陳放馬上打電話給120準備救援,並打電話給了公安局的大隊長,找人來控制住阮凝嵐。
知夏回過頭,看到倒在血泊裡的安逸塵,滿目的震驚。
“這個人到底跟我是什麼關係?爲什麼會爲了我連命都不要了?”
“你怎麼樣啊?安書記?”知夏顫抖着將安逸塵抱在懷裡,眼裡的淚水奪眶而出。
安逸塵虛弱地睜開了眼睛,瑟縮着伸出手安靜仔細地撫摸着她的臉龐,沒觸碰一寸肌膚心裡就緊緊地發疼。
“小乖,我愛你!這三年來,我日日夜夜坐着這樣夢,夢見自己能再一次用手指的溫度丈量你臉龐上的每一寸肌膚,我……”安逸塵一句話還未說完,便昏迷了過去。
很快,120的車到了,公安大隊的大批人馬也到了。
阮凝嵐被帶到了公安局,凌子楓不放心她,也跟了過去。
安逸塵由知夏陪着被120帶到了醫院。
冷雲飛將秋以涵帶回來家裡,幫她進行了熱敷。
經過三個小時的搶救,安逸塵脫離了危險,轉爲高級病房。
這三個小時,對於知夏來說,彷彿有三個世紀那麼的長。
她不知道,這個平日裡惹她生厭的男子,竟然如此的長情,對靈溪,抑或自己就是靈溪。
可是,他是秋以涵的未婚夫,就算他對我再好,我也不可以隊他產生任何的感情,知夏心裡糾結着彷彿擰成了一團,理不出頭緒。
知夏守在安逸塵的病牀前,緊緊地握着他修長蒼白的手,大大的水眸裡溢滿了水滴,她真的不知道,這個世界上除了嗜血還有一個人竟然將她視作比生命還珍貴的東西。

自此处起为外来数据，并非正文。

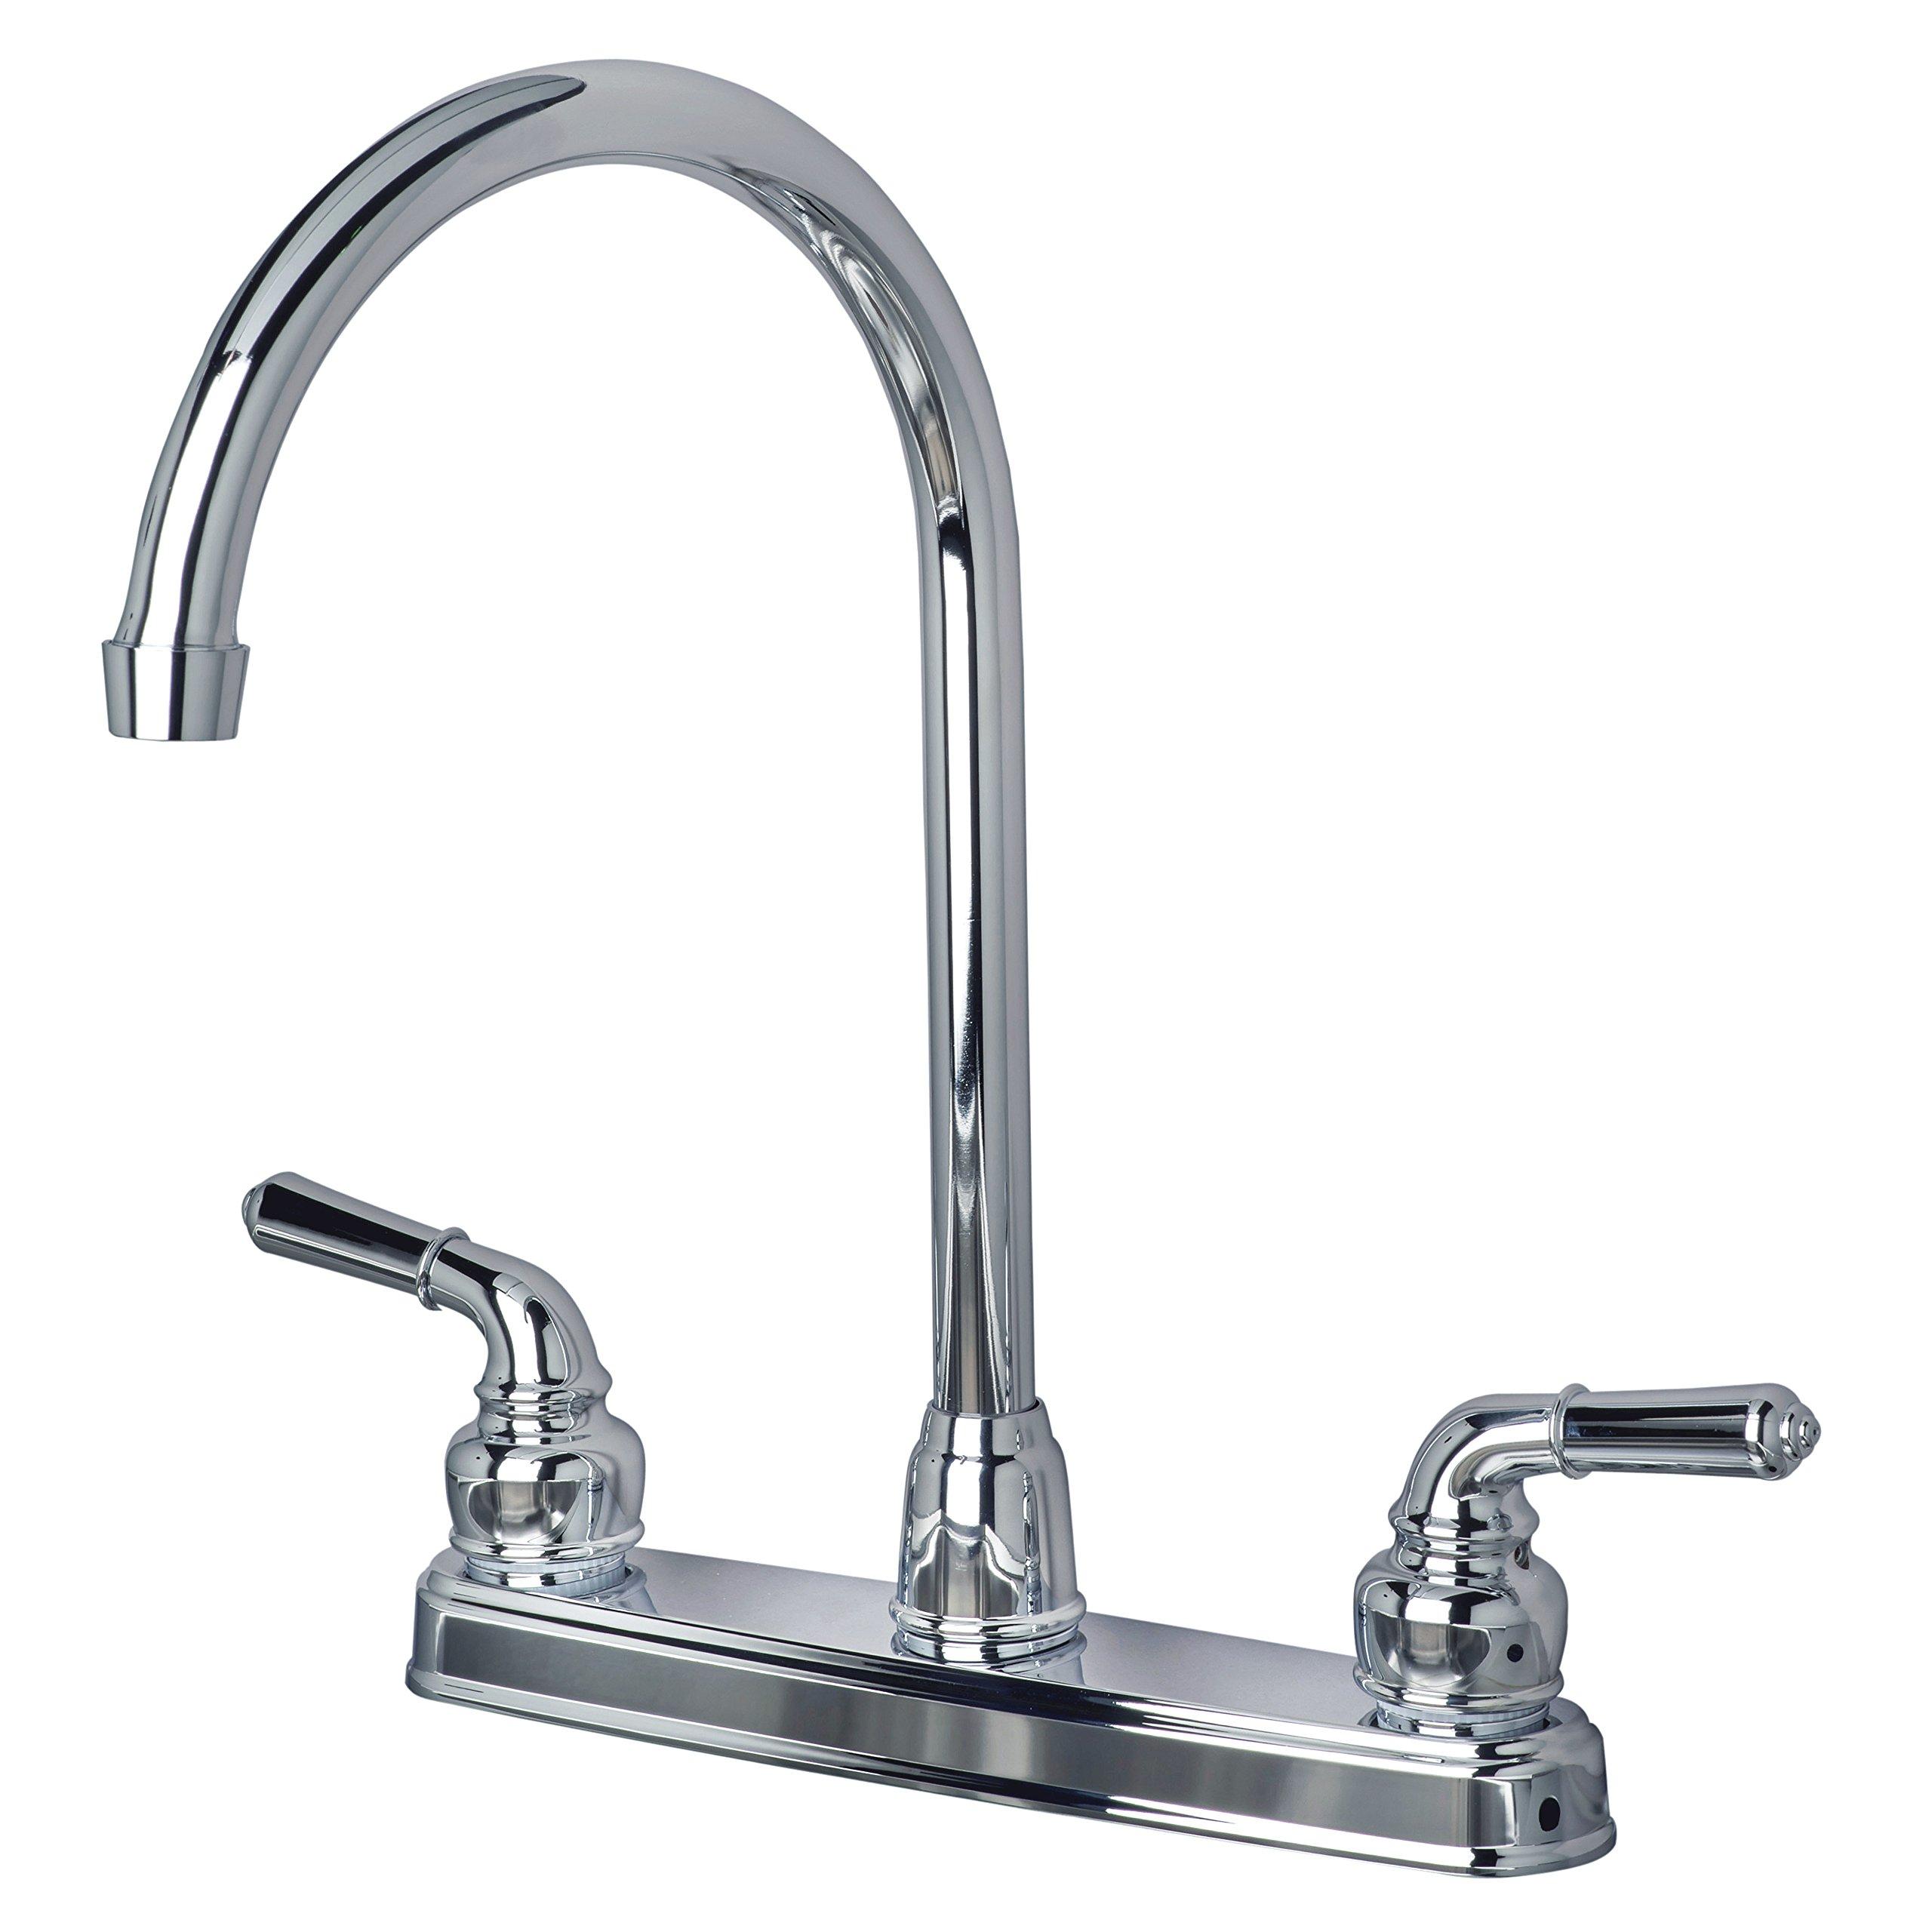 Builders Shoppe 1201CP RV Mobile Home Non-Metallic High Arc Swivel Kitchen Sink Faucet Chrome Finish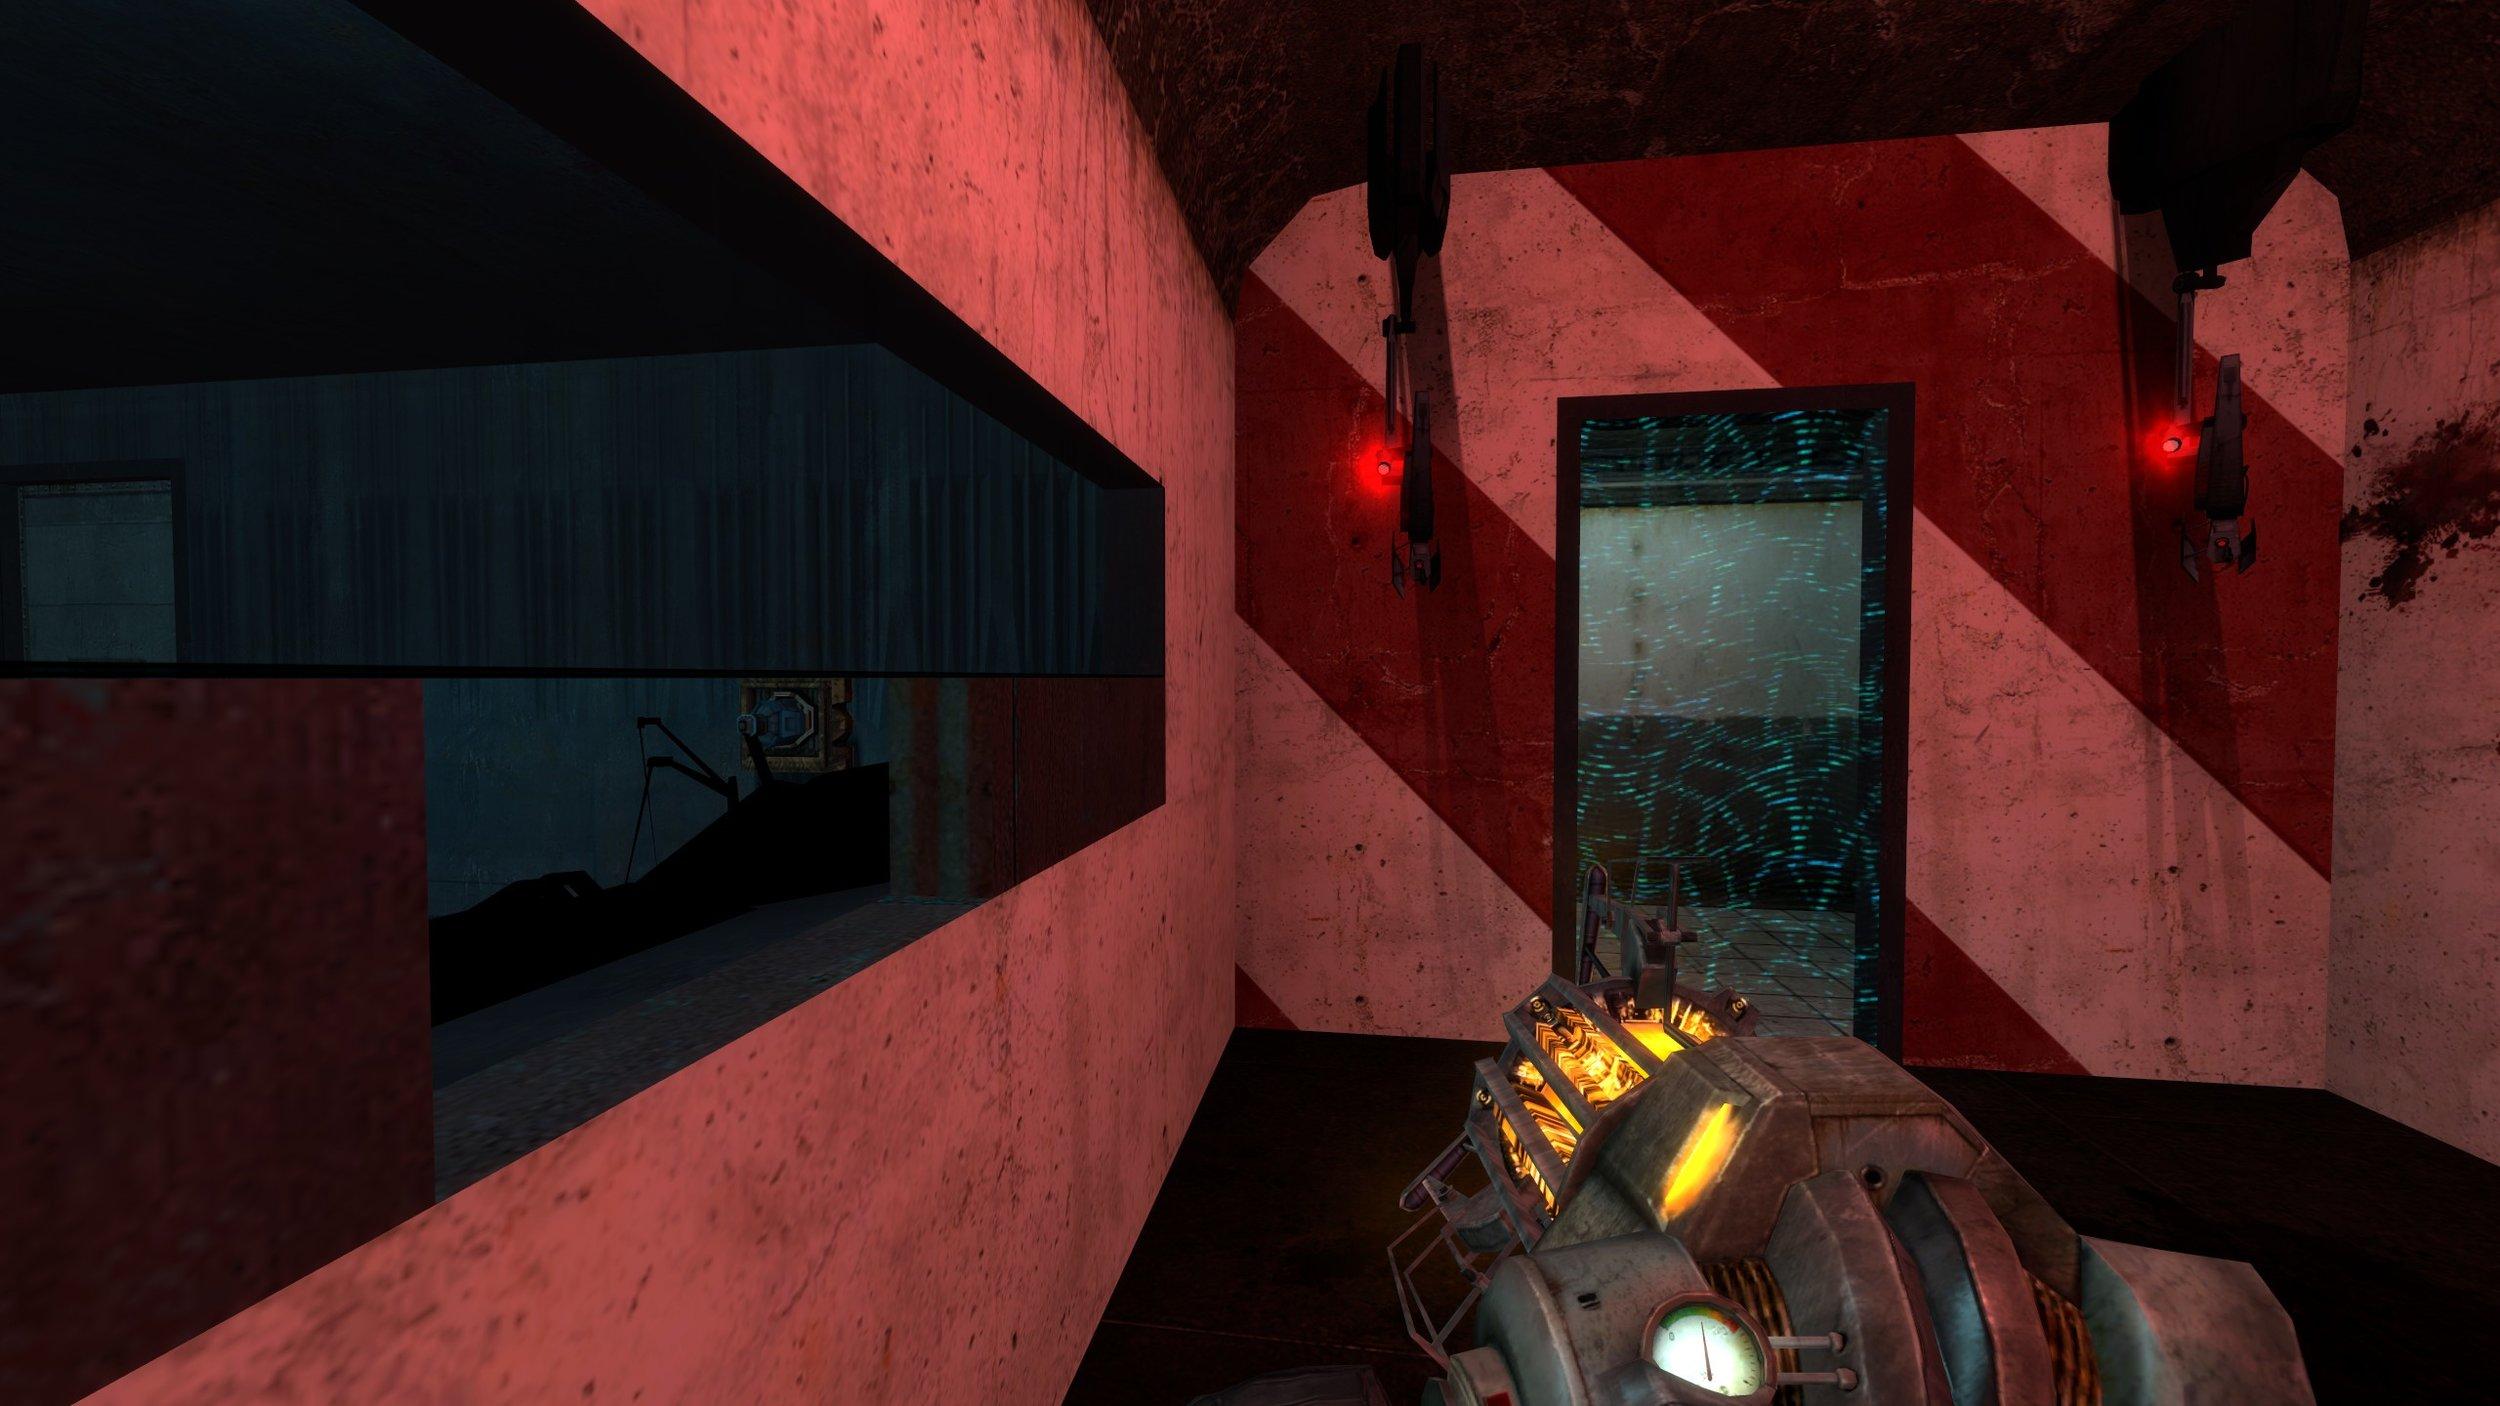 The turret trap room

淚滴滴了下來,落在了安逸塵的手臂上,安逸塵緩緩地睜開了眼睛。
他看到了那個久違的滿含關切的眸子,看到了那個大大的水眸。
有些吃力地擡起了手臂,輕輕地撫在她略顯蒼白的小臉上,一點一點地幫她擦着眼淚。
“不哭,小乖!我沒事,我說過我會給你一世的歡樂,可是,我沒有想到這麼愛你的我也會把你弄丟了!……”
安逸塵的聲音有些哽咽,深幽的眸子裡滿是深情,三年來,他沒有想到自己還能觸摸到小乖的臉龐,看着她爲自己哭泣。
知夏的心有些發緊,如果自己真的是靈溪,那麼自己真的很幸運,有這樣愛自己的一個男人。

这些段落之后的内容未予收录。